▸ What is required: Within the listing below, please copy exactly the lines between the line holding "Количество новых производственных" and the line holding "Recesión global deletreada", inclusive.

▸ Entries shown:
:::

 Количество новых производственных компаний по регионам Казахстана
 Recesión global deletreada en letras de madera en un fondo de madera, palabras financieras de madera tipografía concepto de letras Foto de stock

:::

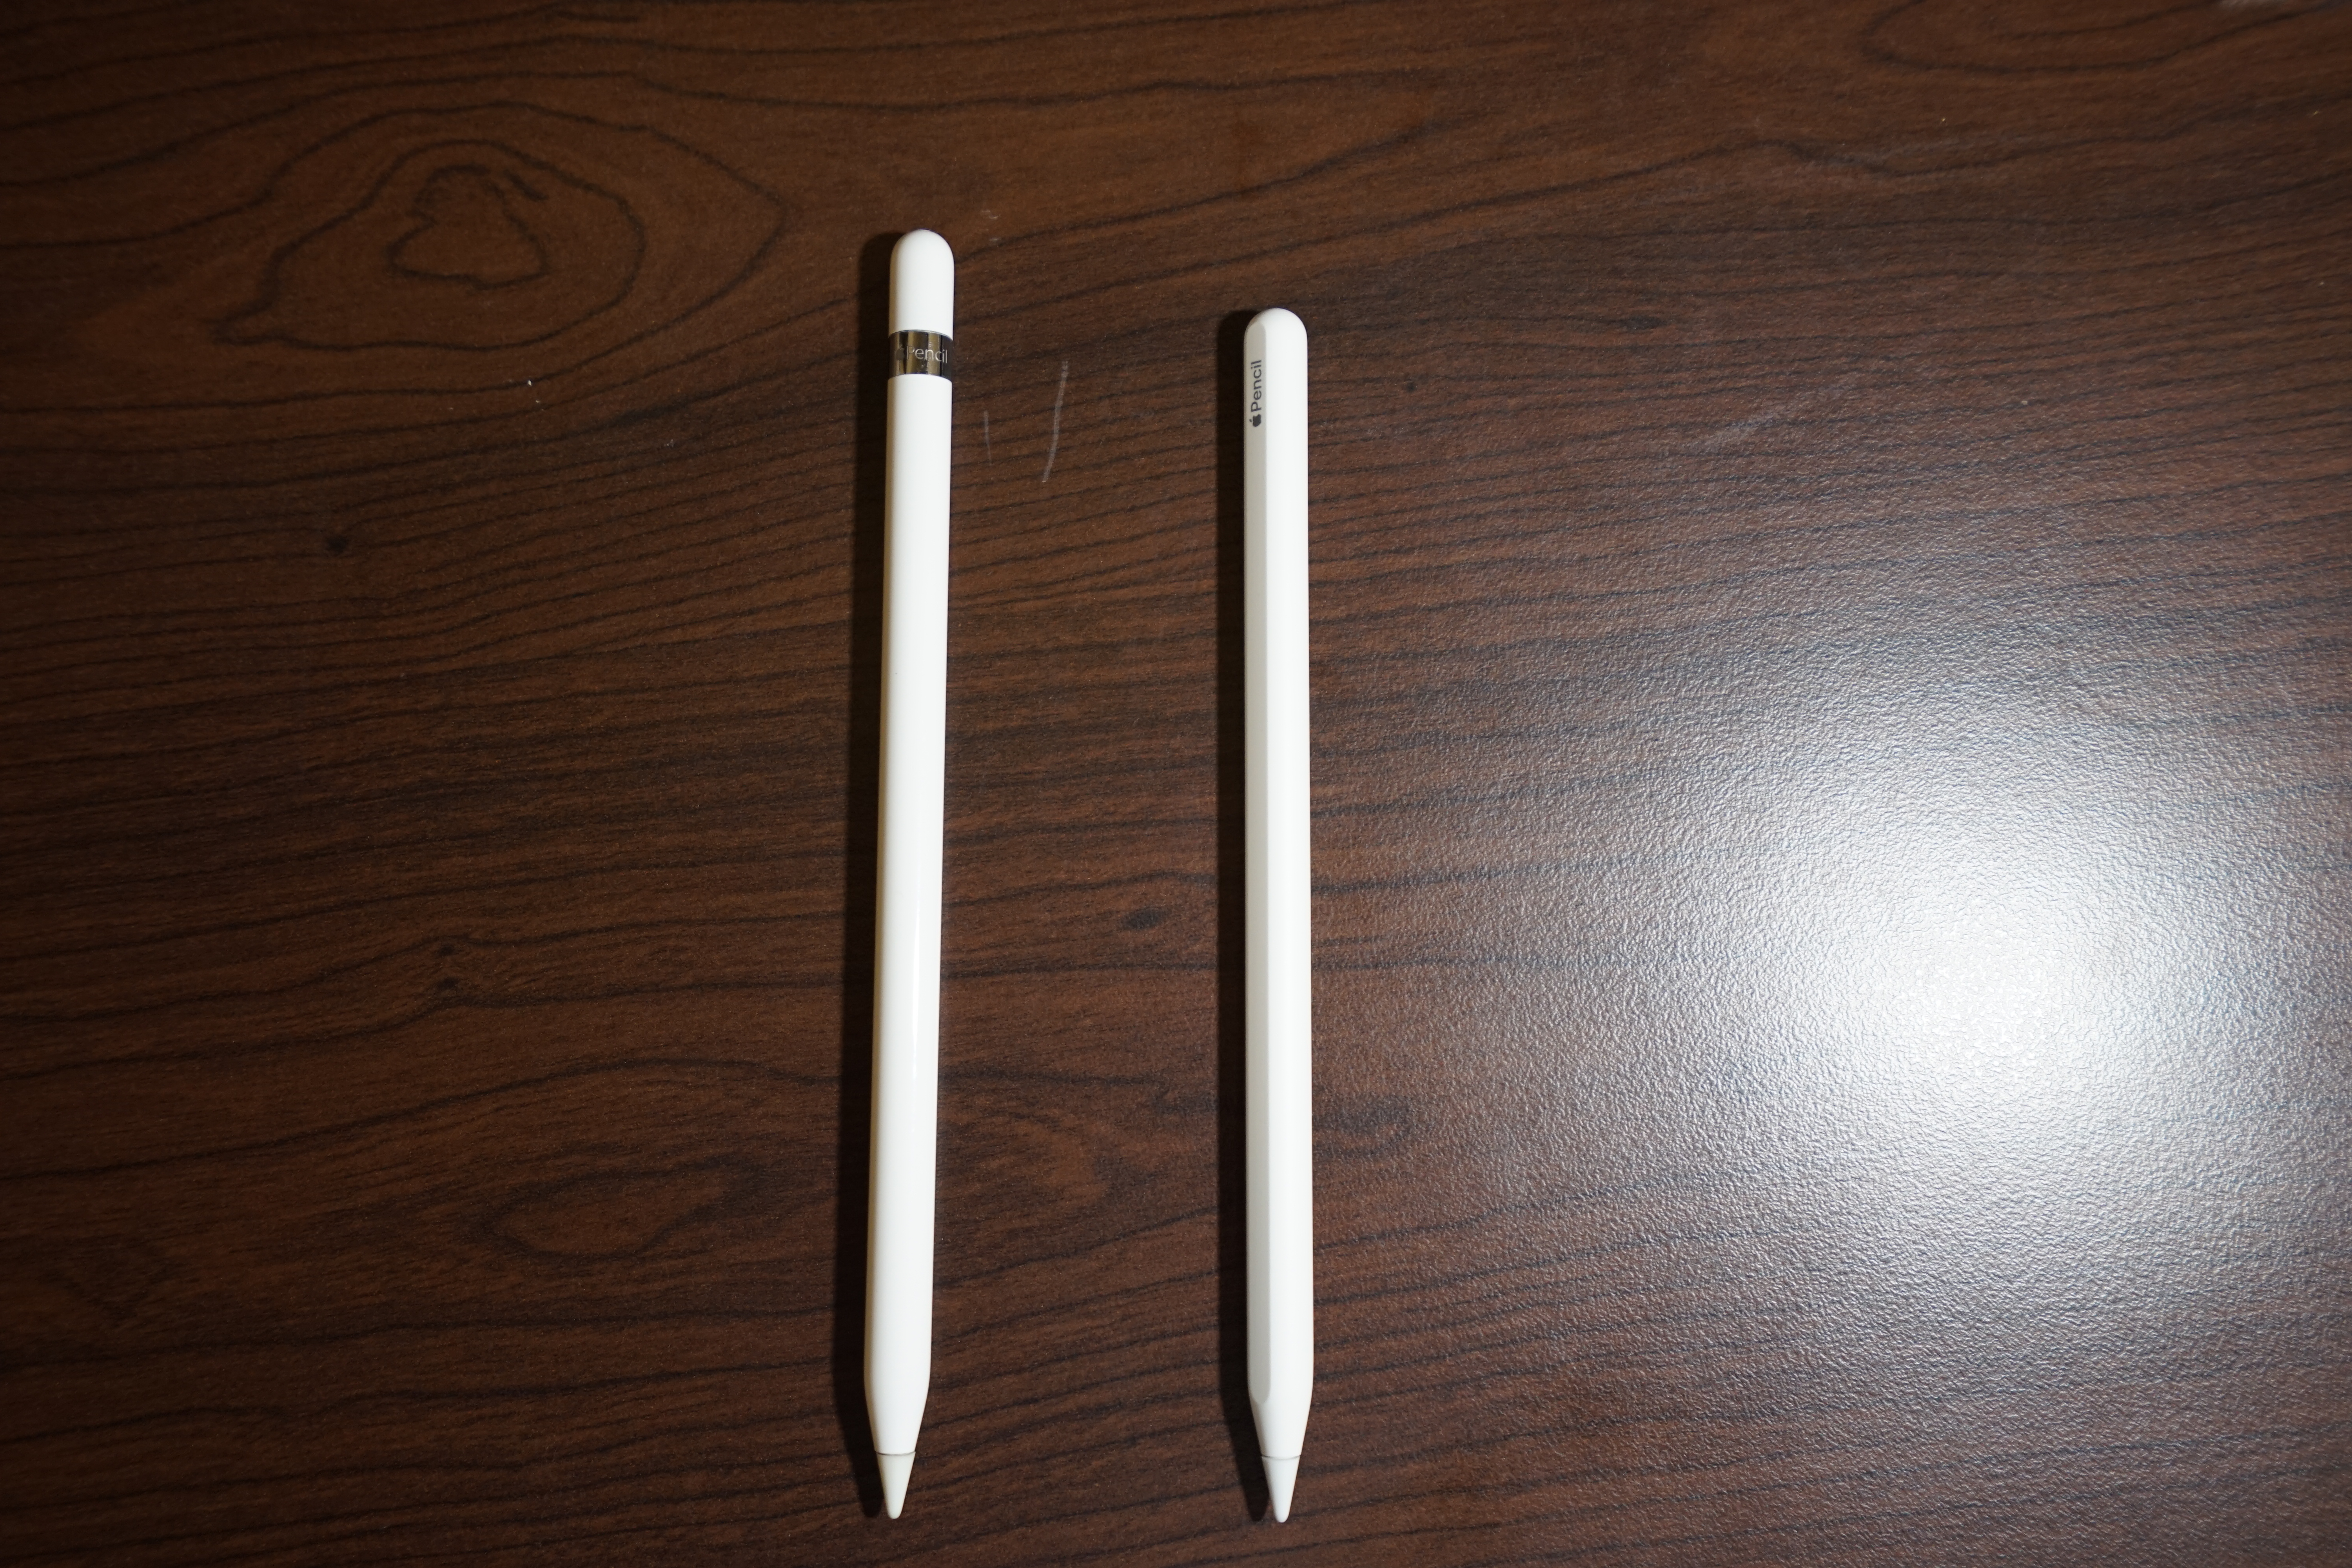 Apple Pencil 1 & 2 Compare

:::

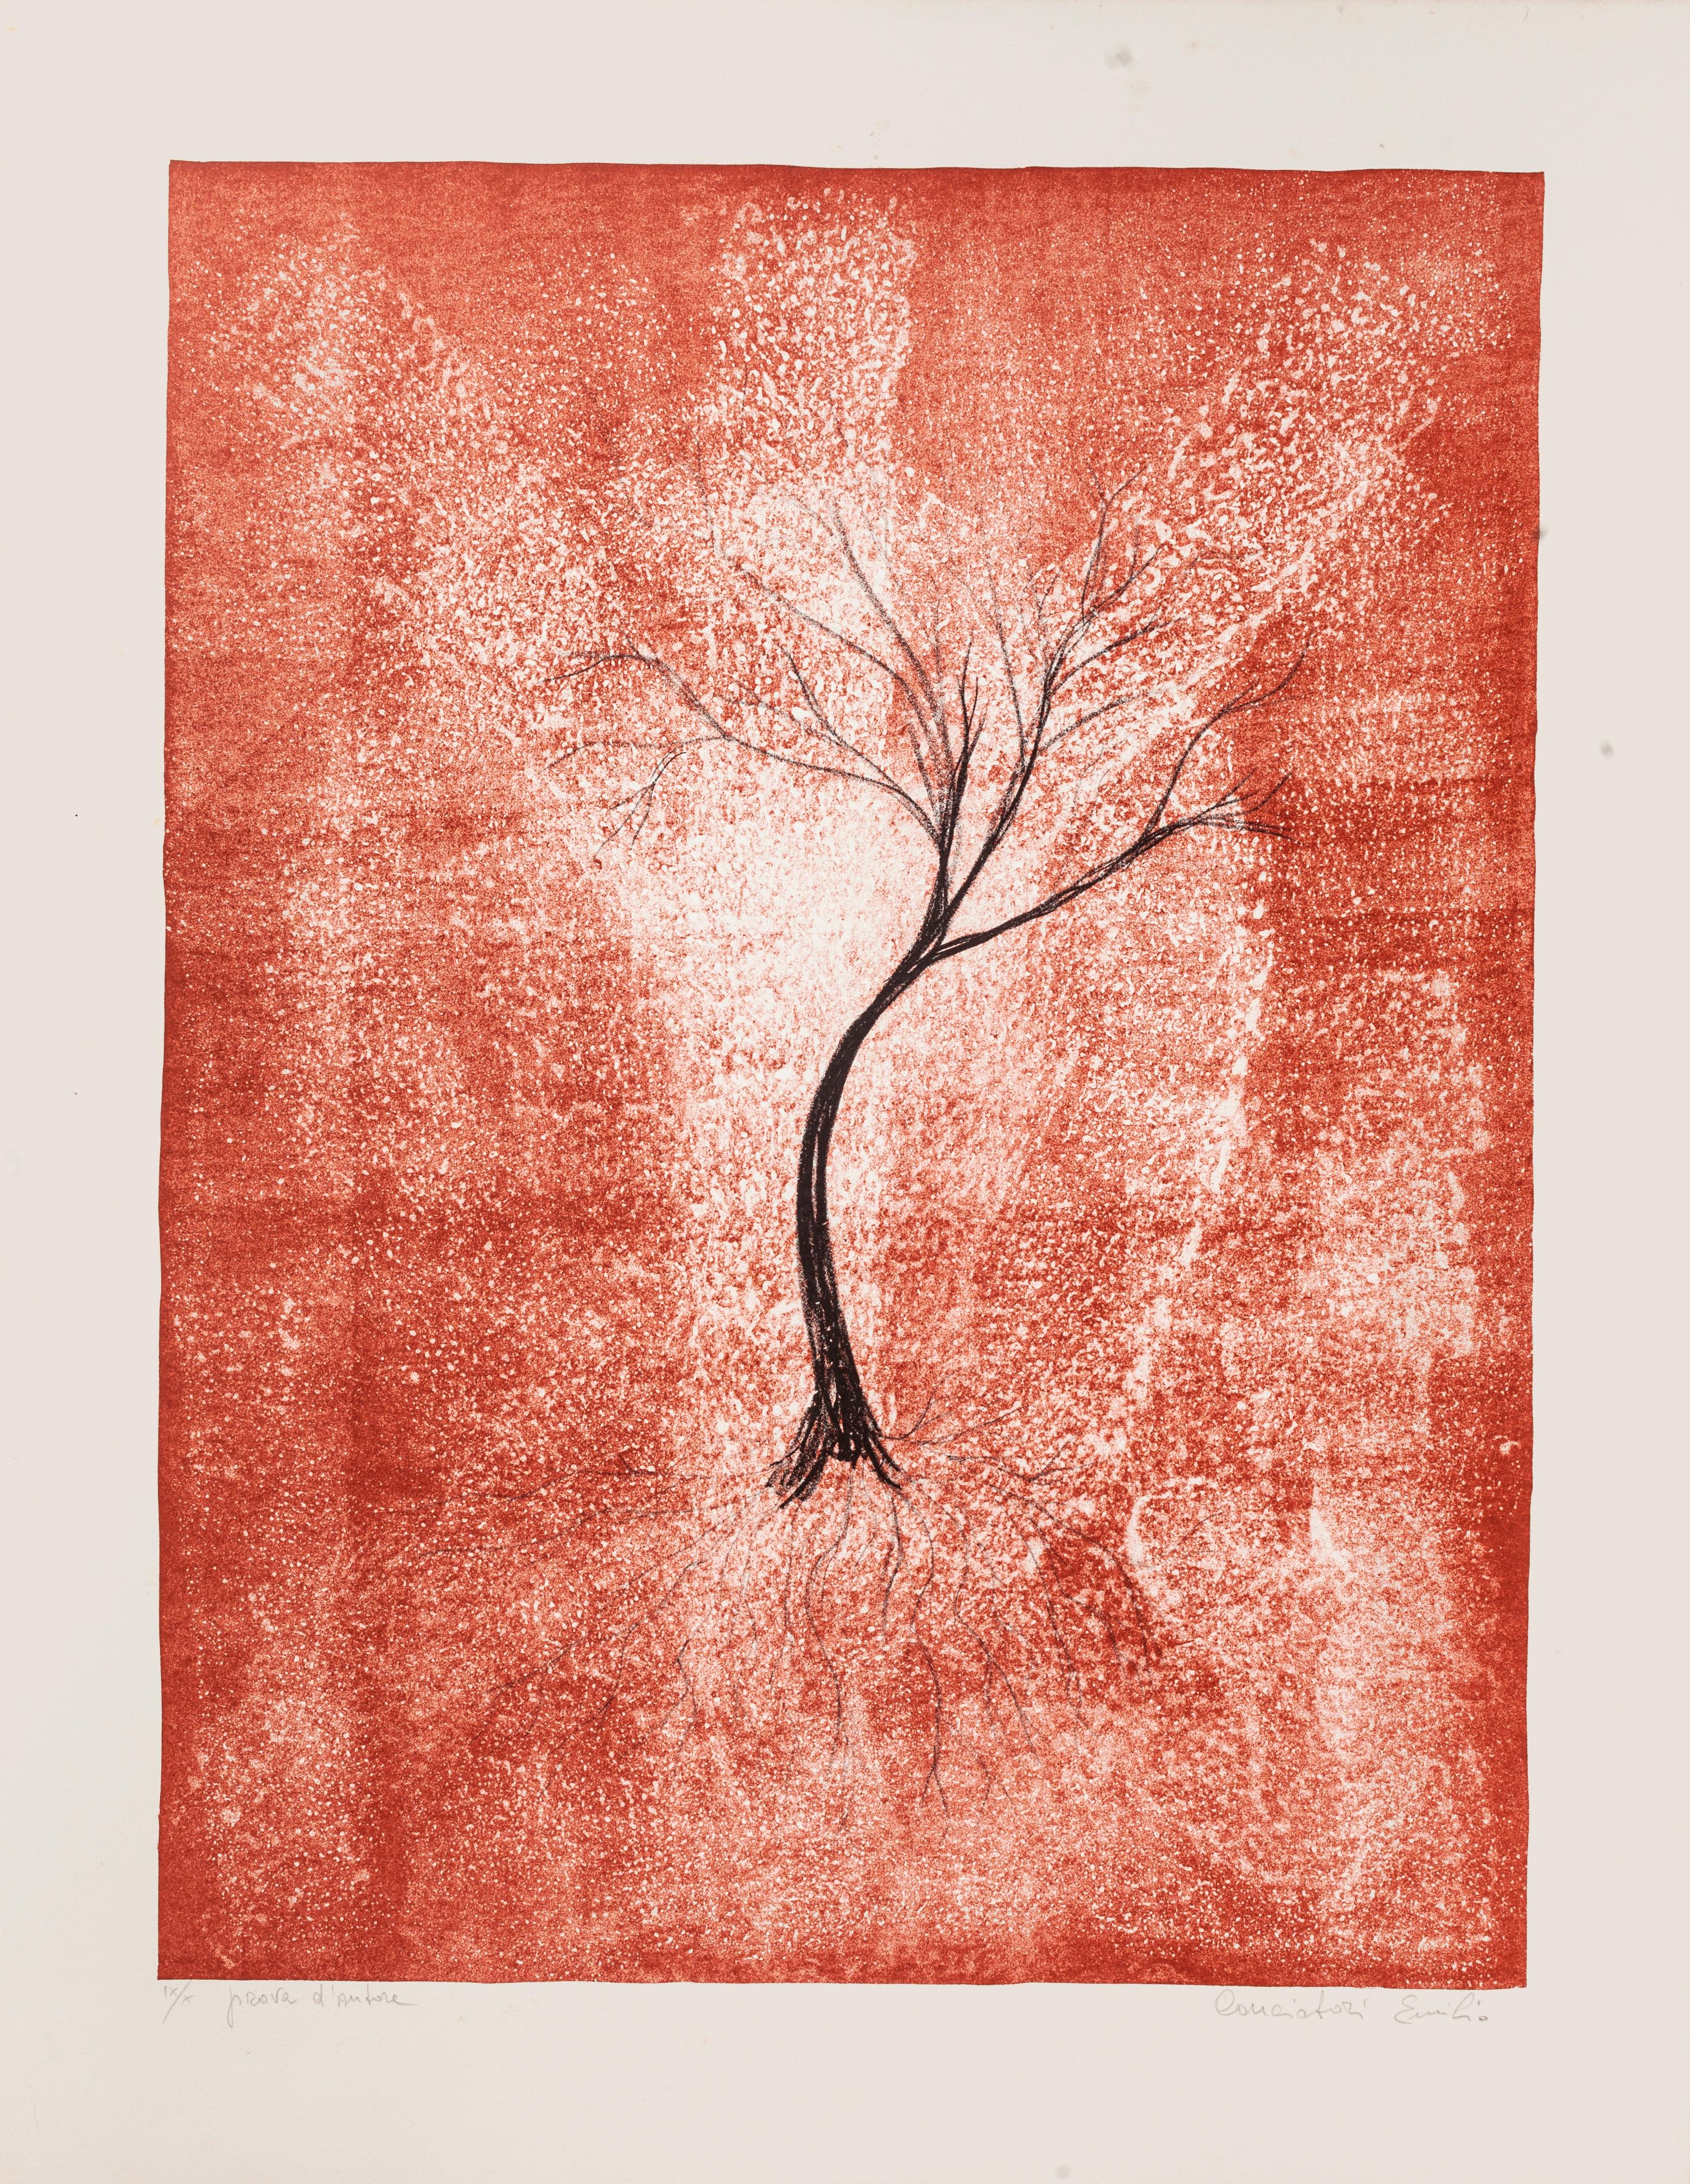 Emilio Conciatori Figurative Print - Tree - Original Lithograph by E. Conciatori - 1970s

:::

▸ Answer space:
 Количество новых производственных компаний по регионам Казахстана
 Recesión global deletreada en letras de madera en un fondo de madera, palabras financieras de madera tipografía concepto de letras Foto de stock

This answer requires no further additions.